Русский след Трампа. Директор ФБР свидетельствует — страница 25 из 54

У Буша было хорошее, но зачастую жестокое чувство юмора. Он поддразнивал людей, что, по всей видимости, выдавало в его личности некоторую неуверенность. Его шутки выставляли на первый план иерархию в отношениях с другими людьми, странное дело, учитывая, что он был президентом Соединенных Штатов, что являлось верным способом удерживать его людей от оспаривания рассуждений руководителя.

Обама мог смеяться с другими и, как и Буш, при определенных обстоятельствах мог посмеяться и над собой. Так, однажды Буш сказал студентам-троечникам на вручении дипломов: «Вы тоже можете стать президентом Соединенных Штатов». Хотя, в отличие от Буша, я никогда не видел у Обамы юмора на грани унижения, что, с моей точки зрения, отражает его уверенность в себе.

* * *

Работа директора ФБР намного шире, чем может показаться извне, или как она изображается в фильмах, где большая часть работы директора кажется полностью сосредоточенной на отдельных делах и том, чтобы поймать плохих парней. В данном случае он является генеральным директором чрезвычайно сложной организации. Каждый день начинался очень рано, когда охрана директора подбирала меня, чтобы отвезти на работу. Хотя у меня и была служба безопасности из заместителей маршалов США, когда я служил заместителем генерального прокурора во времена администрации Буша, моя новая команда состояла из специально обученных специальных агентов ФБР, и была намного больше и сильнее, так как угроза для директора ФБР выше.
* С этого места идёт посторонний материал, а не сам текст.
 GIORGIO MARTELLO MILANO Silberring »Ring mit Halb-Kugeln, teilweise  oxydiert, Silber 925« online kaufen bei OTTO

Как и в случае с защищавшими меня в бытность заместителем генерального прокурора маршалами США, присматривавшие за мной и моей семьей федеральные агенты стали семьей. Что хорошо, потому что мы испытывали их так, как могут только родственники. Однажды мы были в Айове на свадьбе со стороны Патрис. Я лег спать, а Патрис осталась допоздна играть в карты с нашими детьми и их кузенами. Как это обычно было, мой номер в отеле охранялся всеми возможными способами, а все вокруг меня в отеле являлись агентами. И как они обычно делали, агенты дали мне устройство с кнопкой, которую нужно было нажать в случае чрезвычайной ситуации. Я побаивался этой штуковины, и всегда клал ее в номере отеля подальше от себя, чтобы случайно не коснуться ночью. Этой ночью я положил ее на столешницу во внешней комнате, и отправился отдыхать подальше в спальню.
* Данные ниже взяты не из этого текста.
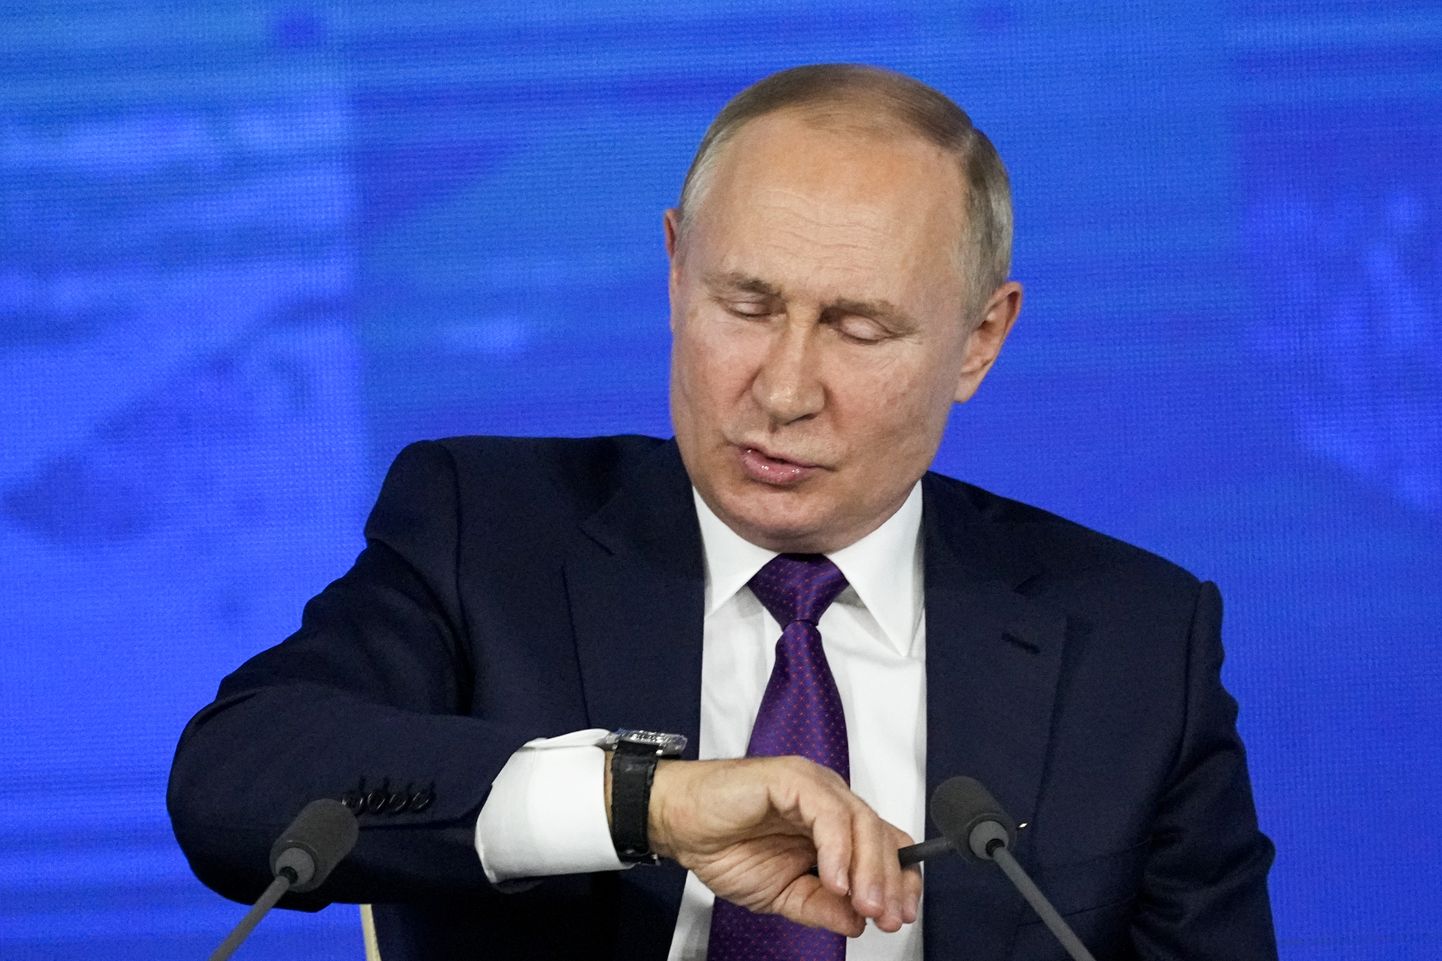 Путин смотрит на часы, будучи уверенным, что он нужен России как минимум до 2030 года.

Я не сказал Патрис, что положил кнопку на стойку во внешней комнате, как раз в том самом месте, где она тихо переодевалась в 2 часа ночи, чтобы не будить меня. Должно быть, она что-то положила поверх кнопки, так как примерно через пять секунд в дверь начали барабанить. Она приоткрыла щелочку в двери и увидела там стоявшего под неправильным углом в футболке и семейных трусах главного агента. Он держал руку за спиной так, чтобы она ее не видела. Он выглядел очень напряженным.

— Все в порядке, мэм?

— Да, я как раз готовлюсь ко сну.

— Вы уверены, что все в порядке, мэм?

— Да.

— Могу я увидеть директора, мэм?

— Он спит в другой комнате.

— Пожалуйста, Вы не проверите его?

Патрис прошла в спальню, увидела меня и вернулась обратно с докладом: «Я вижу его там спящим. Он в порядке».
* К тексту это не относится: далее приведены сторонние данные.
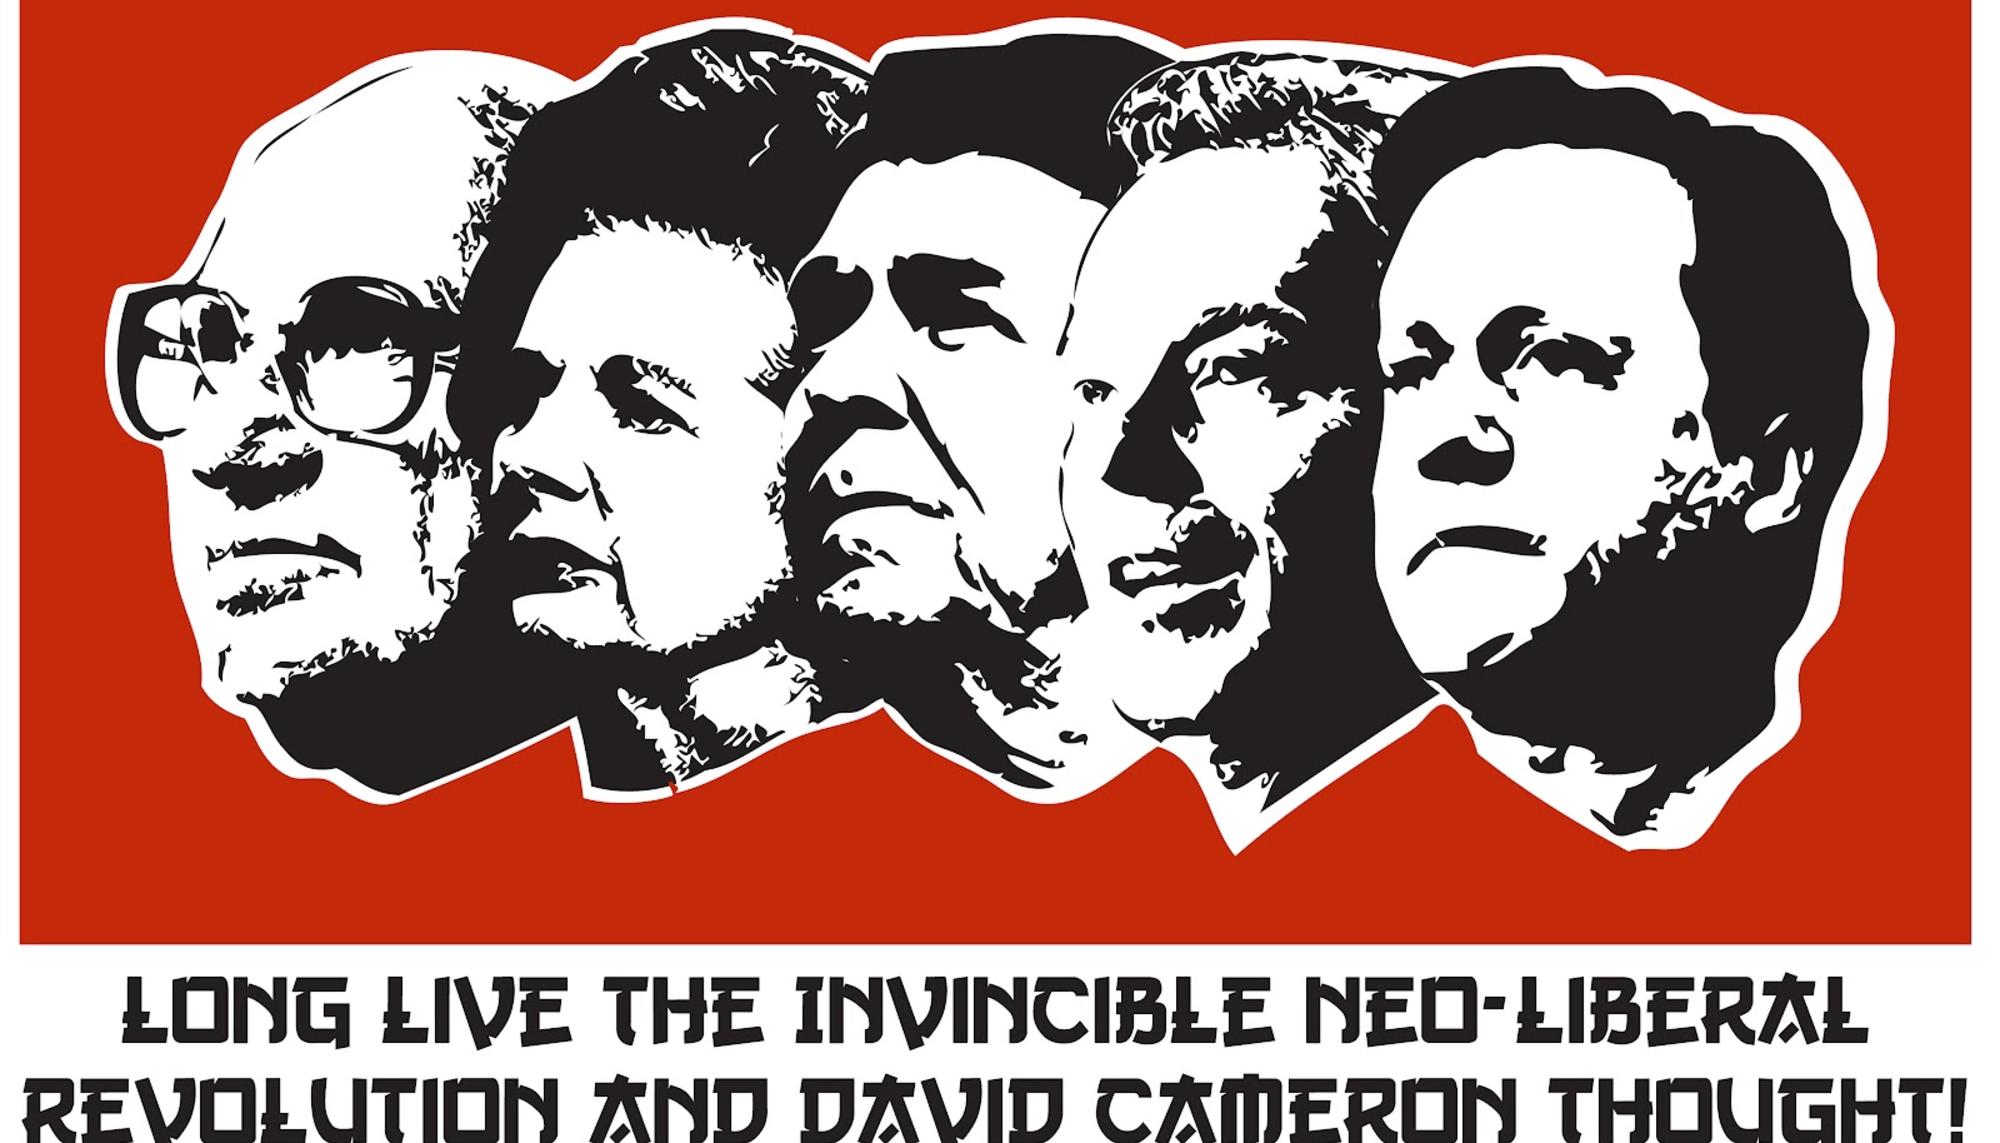 The invincible Neo-liberal Revolution

— Благодарю, мэм. Простите, что побеспокоил.

Чего Патрис не могла видеть, но я узнал на следующее утро, это что там по обеим сторонам двери вдоль стены выстроились агенты, держа за спинами низко опущенные пистолеты. Она коснулась кнопки. Моя вина.

ФБР гордится сильным культом огнестрельного оружия. Оружие в руках хороших парней было обычной практикой жизни ФБР. На каждом общем собрании у восьмидесяти процентов присутствующих был с собой пистолет. Со временем я привык видеть пистолет в кобуре на лодыжке, когда заместитель директора во время собрания закидывал ногу на ногу. В конце концов, заместитель директора является старшим специальным агентом организации, и всегда вооружен, кроме тех случаев, когда направляется в Белый дом. Как директору, мне тоже было разрешено носить оружие, но я полагал, что это лишь усложнит мне жизнь. Боб Мюллер считал так же. Кроме того, меня весь день окружали вооруженные люди. Если я не был в безопасности в руках ФБР, тогда у нашей страны действительно были проблемы. Шон Джойс, служивший моим первым заместителем директора, стал в организации знаменитостью, нажав «ответить всем», когда какой-то бюрократ из Бюро разослал всеобщее оповещение с инструкцией для персонала укрыться или бежать в случае появления на рабочем месте «активного стрелка». Шон ответил, что любой специальный агент, который последует этому совету и спрячется или не соберется бежать в сторону активного стрелка, будет уволен.

* * *

В своих утренних поездках на работу я обычно читал на заднем сиденье полностью бронированного черного «Субурбан», готовясь к первым двум совещаниям дня. Но до любых совещаний я садился за свой стол и читал еще, начиная с заявок, которые Министерство юстиции представляло в суд для электронной слежки в делах ФБР, касавшихся национальной безопасности. Каждая заявка должна была быть лично одобрена директором или, в его отсутствие, заместителем директора. Я просматривал заявки толщиной в три сантиметра каждая, вытаскивая их из стопки, которая по утрам часто бывала толщиной сантиметров тридцать. Просмотрев и подписав заявки, я читал секретный отчет разведки, который мне приносили, чтобы ознакомить с разведданными, относящимися к миссиям ФБР по предотвращению терроризма и отражению угроз со стороны иностранных разведок на территории Соединенных Штатов. Затем я читал несекретные материалы, относящиеся к другим нашим многочисленным обязательствам. Выполнив это домашнее задание, я был готов к встрече со своей руководящей командой, начиная с 6—10 самых высокопоставленных сотрудников, чтобы обсудить наиболее чувствительные секретные вопросы, за которой следовало совещание, на котором присутствовало уже больше руководителей ФБР.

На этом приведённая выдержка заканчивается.